6.SET YOUR FIRM END DATE A WEEK AHEAD
To really soak everything in, S and I both took the week leading up to our wedding off from work. We were getting married a few hours away and since it was technically a destination wedding in a beautiful coastal city, lots of family and friends made an extended vacation out of it. S and I were able to spend the beginning of the week relaxing and soaking up time together in Maine just the two of us and then later in the week, we spent time with loved ones and friends that traveled in!
I’m so happy that we “accidentally” learned this tip. Since we were on vacation 4+hours away from our home the week leading up to the wedding, we had to have every little detail packaged up, stamped with approval and ready to go for the wedding day. This ended up being a huge blessing in disguise! I’ve heard horror stories of brides staying up the week leading up to their wedding with last minute DIY things or tasks they thought were going to be simply to complete, but ended up being daunting which easily could have been us [since this was our life the week prior!].
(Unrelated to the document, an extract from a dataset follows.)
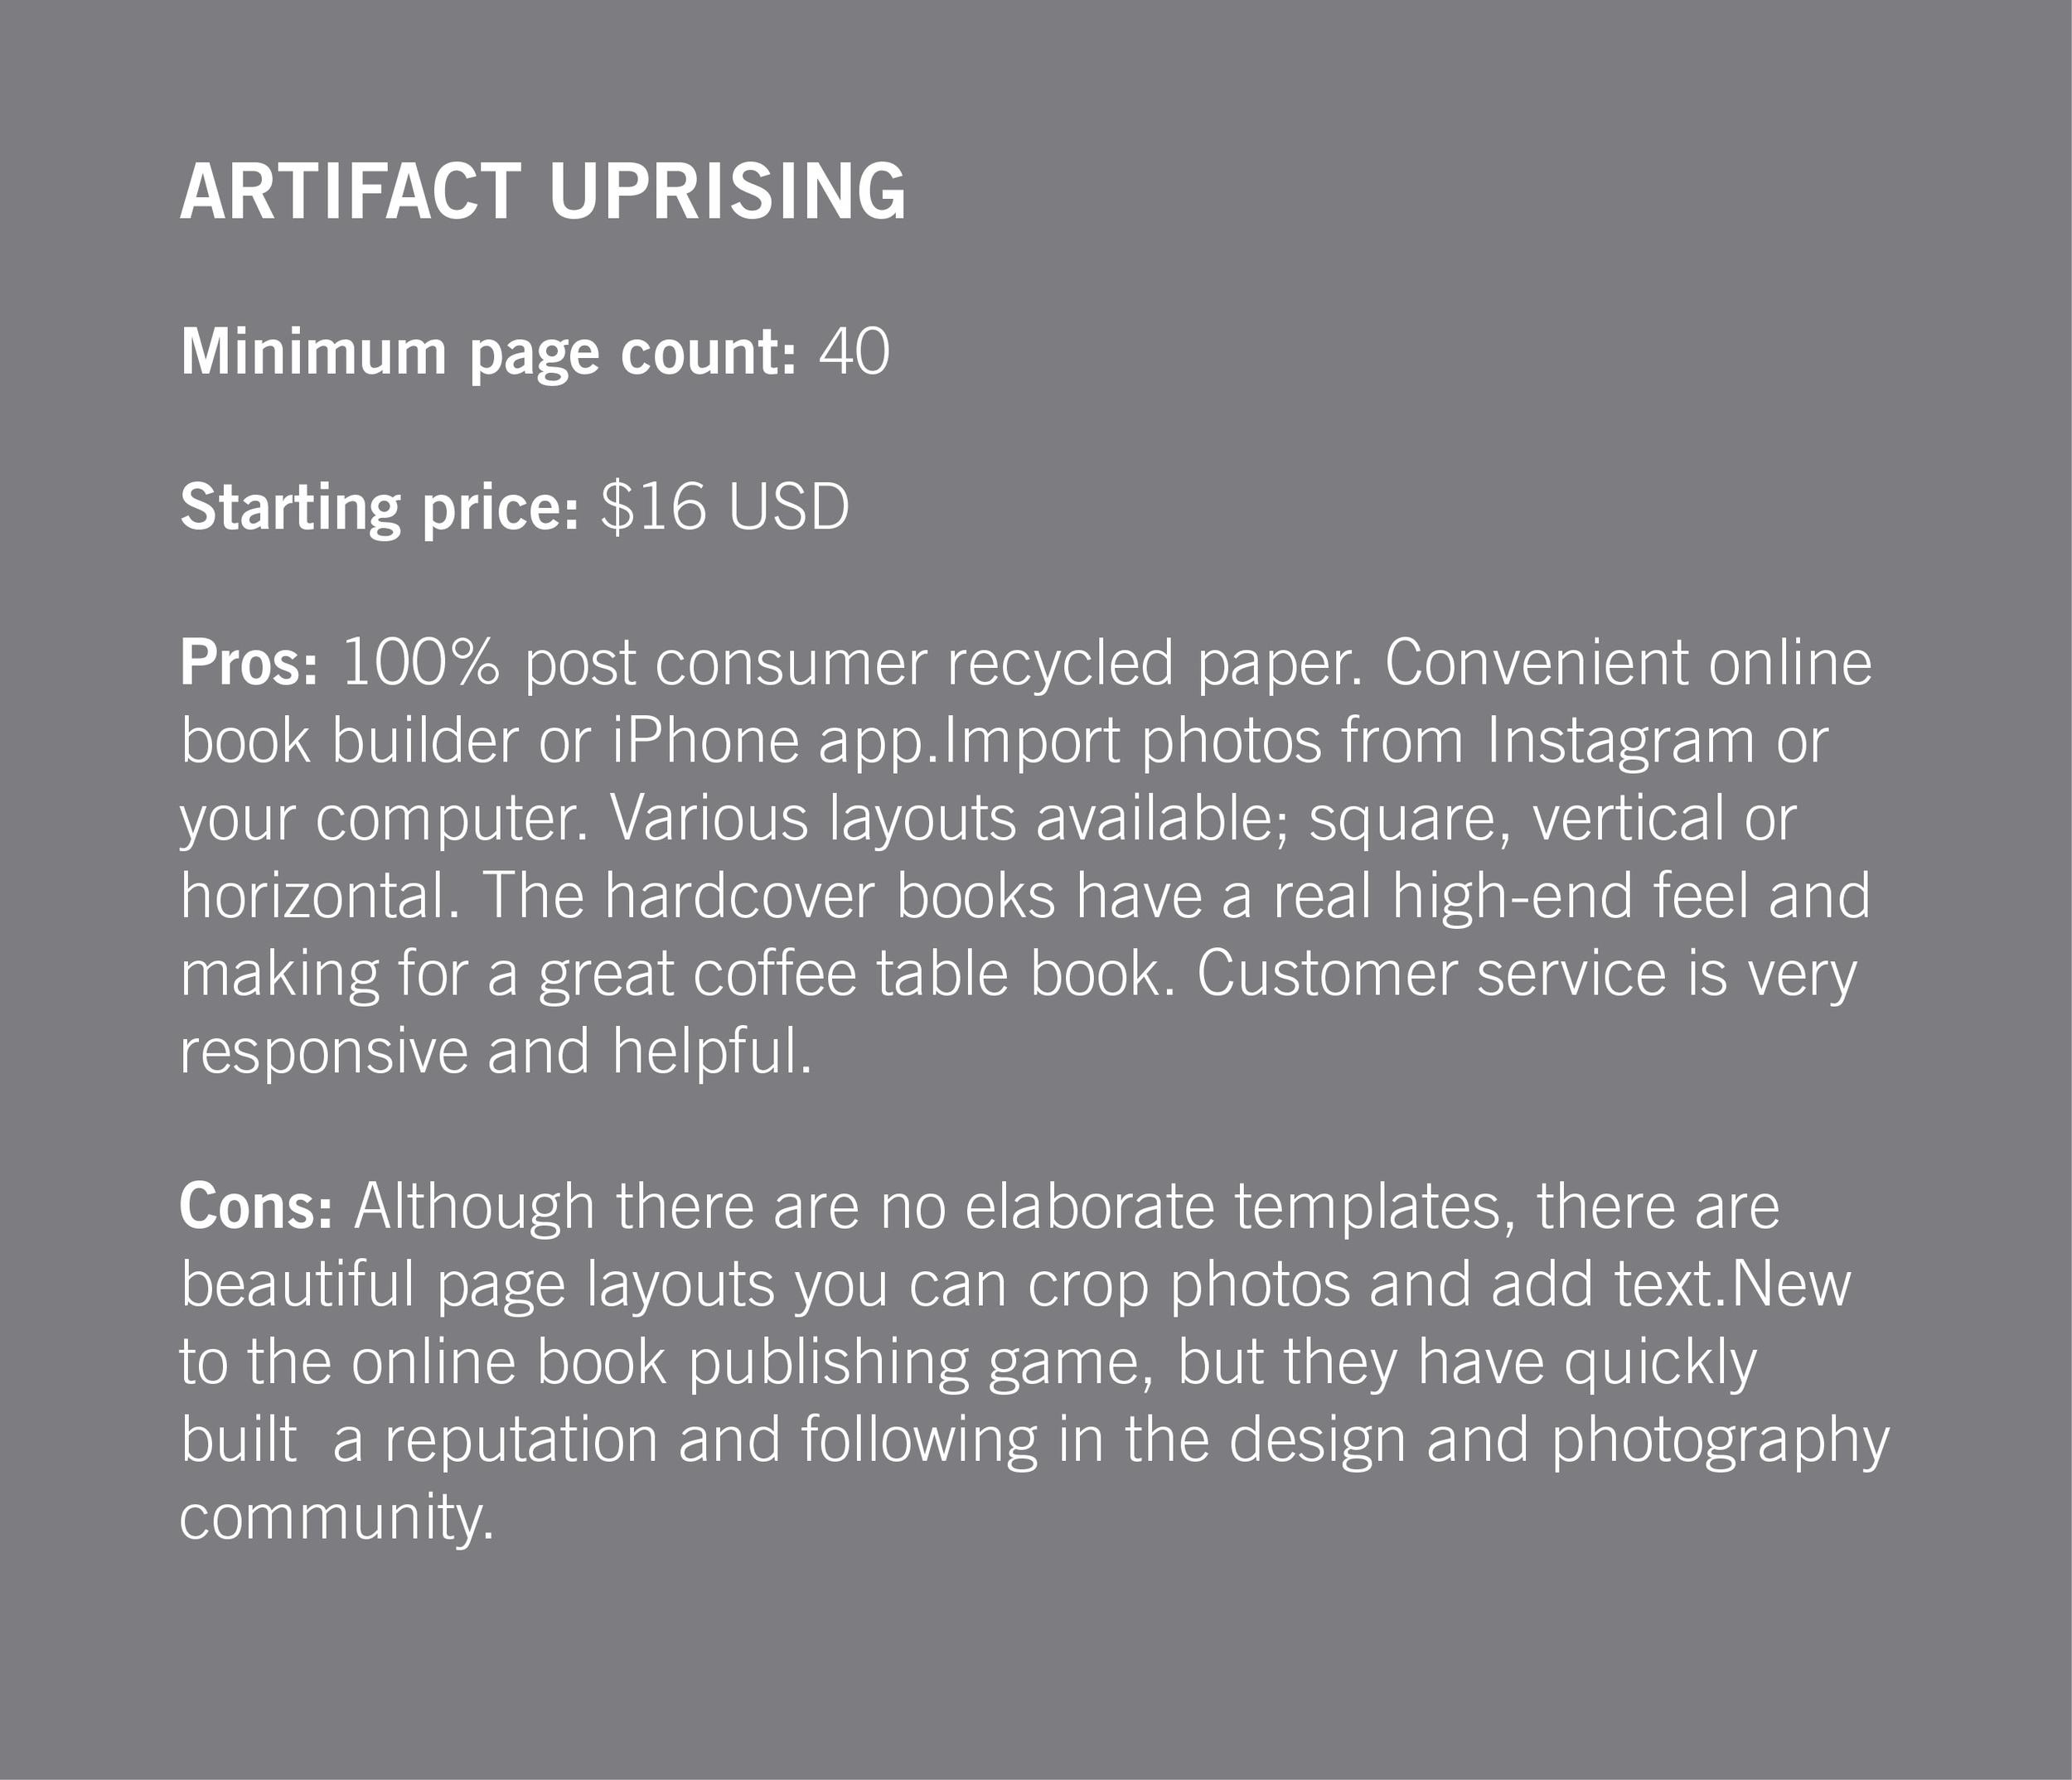 artifactuprising.com

I highly suggest setting your “100% complete NOTHING left to do and everything packed up into boxes as if you are leaving out the door for your wedding” date be a week prior to your wedding. That way you can truly relax with your precious fiance and soak everything up the week of!
I hope these six tips for reducing wedding planning stress were helpful! Honestly, overall just stay organized and on track budget wise. What is your biggest tip? Xo Mindy
PS – Click here for other wedding related blog posts!
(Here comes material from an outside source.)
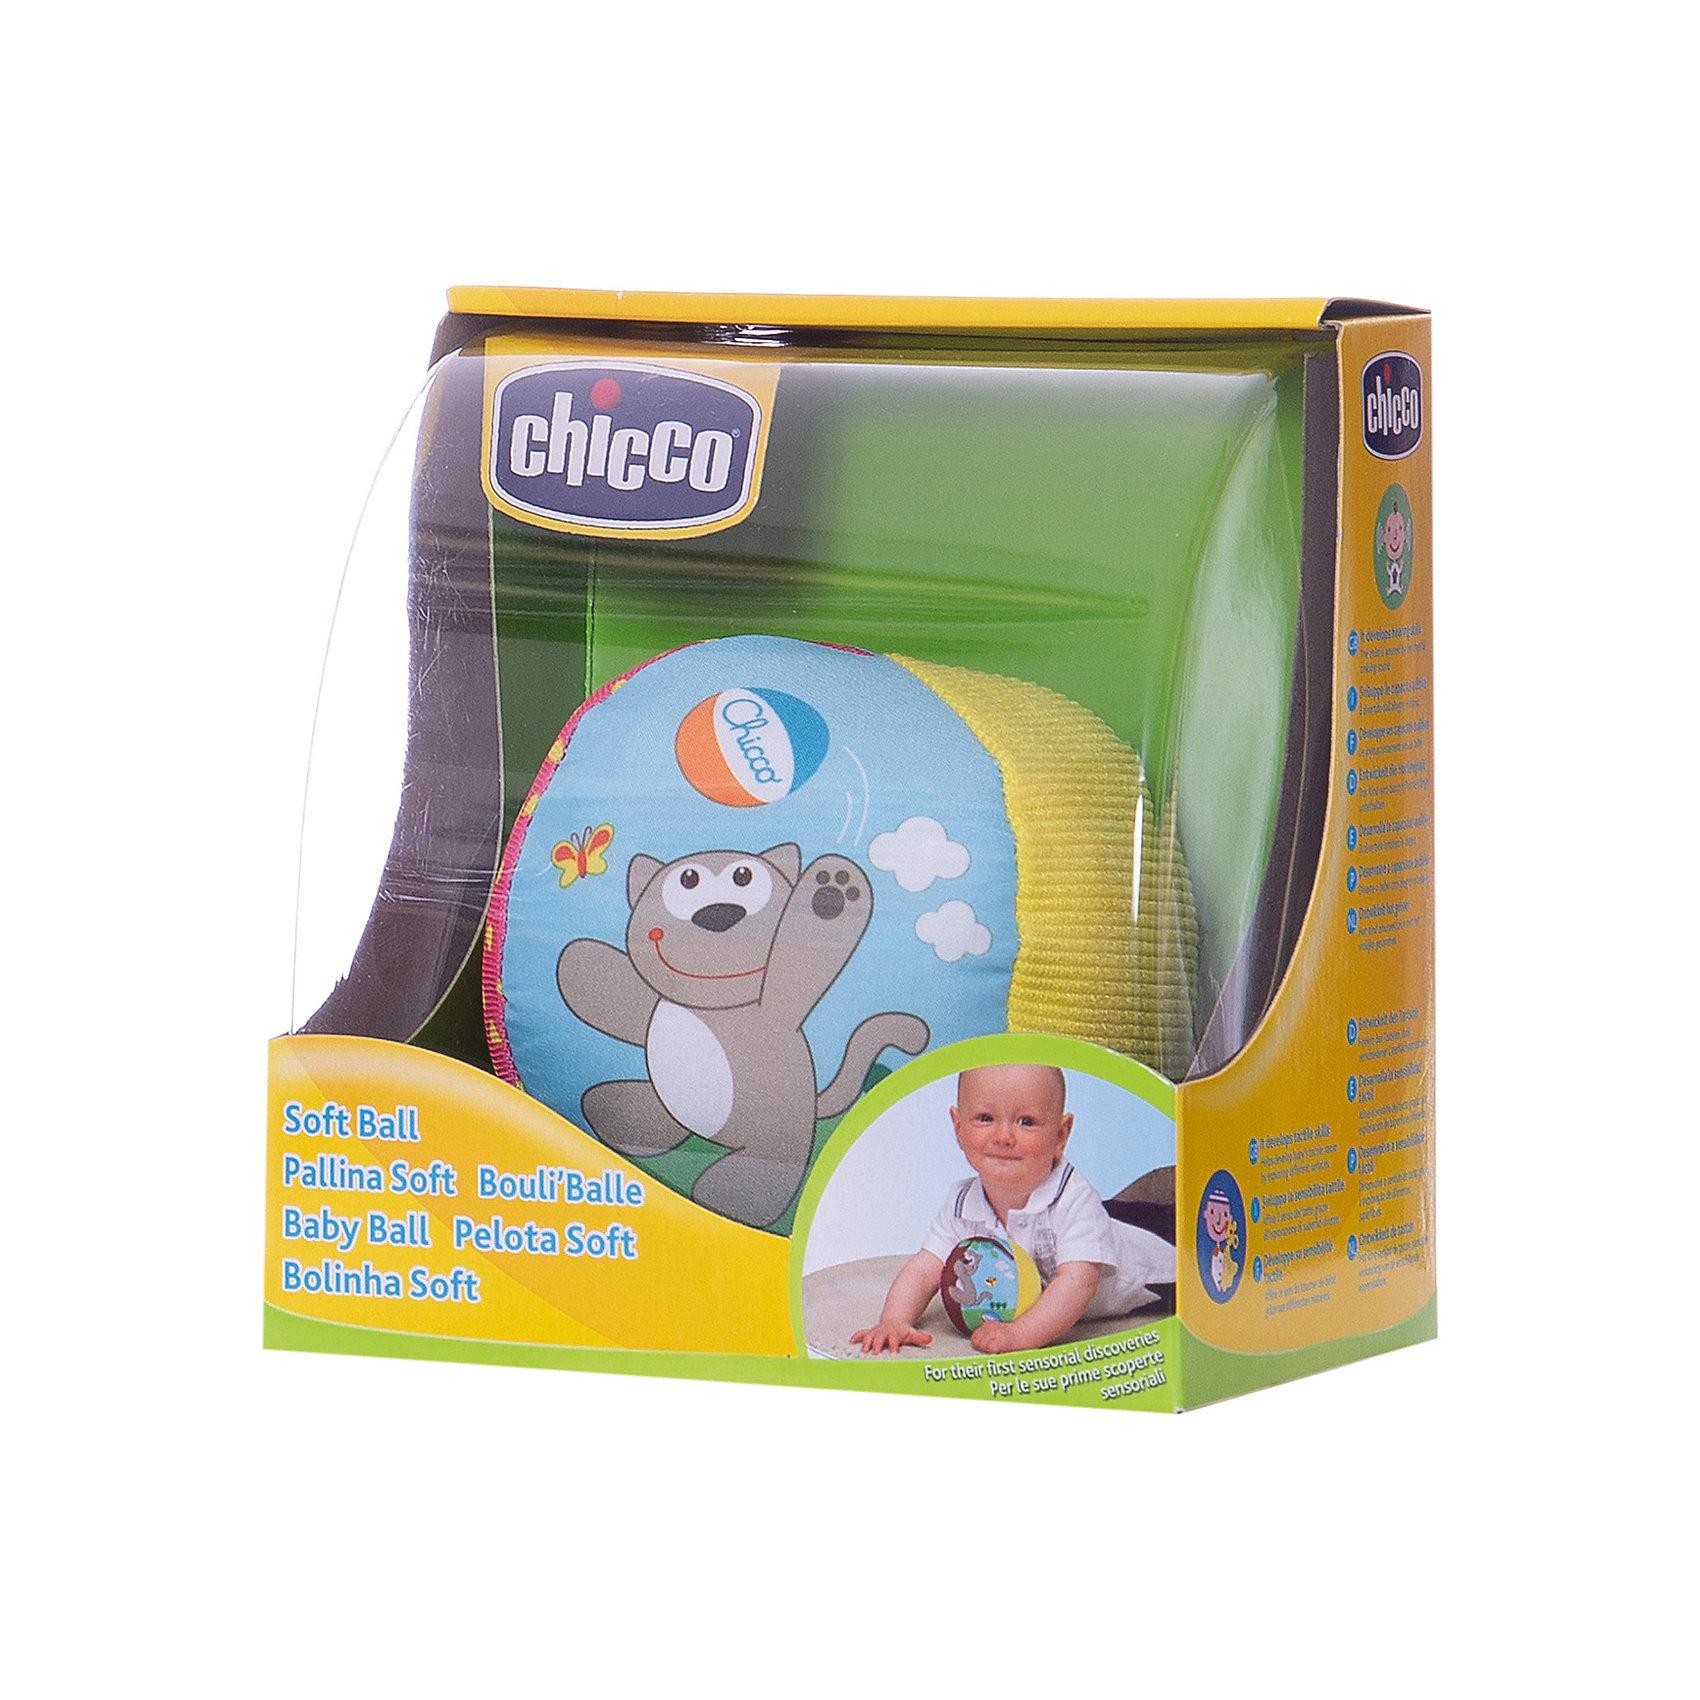 Мягкий мячик, ChiccoМягкие игрушки<br>Мягкий мячик, Chicco (Чико) сшит из кусочков ткани разных цветов и фактур в виде яркого полосатого мячика, оформленного изображениями в виде играющего котика. Рассматривая и ощупывая его поверхность, ребенок развивает тактильное восприятие, учится различать и сравнивать цвета. Он легкий и мягкий, поэтому малышу будет удобно хватать, катать и бросать. Если его немного потрясти, то он будет греметь, благодаря шарикам, которые находятся внутри. <br><br>Дополнительная информация:<br>-Материалы: текстиль<br>-Размеры:  9х9х9 см<br><br>Развивающая игрушка «Мягкий мячик» станет отличным подарком для каждого малыша!<br><br>Мягкий мячик, Chicco (Чико) можно купить в нашем магазине.<br><br>Ширина мм: 140<br>Глубина мм: 105<br>Высота мм: 149<br>Вес г: 140<br>Возраст от месяцев: 3<br>Возраст до месяцев: 18<br>Пол: Унисекс<br>Возраст: Детский<br>SKU: 4123475

Mindy these are such wonderful tips! I am going to remember this post and send it to friends as they get engaged (I feel like I’m in a stage of life right now where a lot of friends are soon to be engaged- haha!)
Weddings seem like so much fun but also a lot of work for only one day! I’m going to keep these tips in my back pocket for when i tie the knot!
Wedding planning seems so stressful. These are really great tips.
What great tips! I can imagine planning a wedding would be very stressful!
What great tips, Mindy! I eloped, so wedding planning is totally new to me 🙂 Staying on budget would be so important…I love watching TLC’s “Say Yes to the Dress” and I’m always amazed at how many of the brides will go WAY over budget in no time. Thanks so much for sharing!!!
These are great tips! my husband and I actually eloped but I’m always excited for others planning their weddings 🙂
Such great tips! I’m wedding planning now but thankfully haven’t been too stressed. I think that has a lot to do with being engaged for such a long time haha! More time to plan = less stress for me!
These are such great tips! I love your invitations 🙂
-xo, Azanique | http://www.lotsofsass.com
I wish I’d had more than 3 weeks to plan my wedding but thankfully i had the help of a lot of friends and family to pull it off! I wish I’d had your list 8 years ago!
These are such helpful tips! When I was planning my wedding I was a first year medical intern at the hospital, which meant I had no time. Organization was key to getting it all done!
These are great tips! As much as eeddi are fun, they can be so stressful! Thanks f sharing!
Ash | Theashtreejournal.com
I am so sorry for the typos my phone is going crazy! 😩
Great tips! I am not getting married any time soon but I’ll keep them in mind for if I ever do.
I so could have used this while I was planning! There were many stressful times!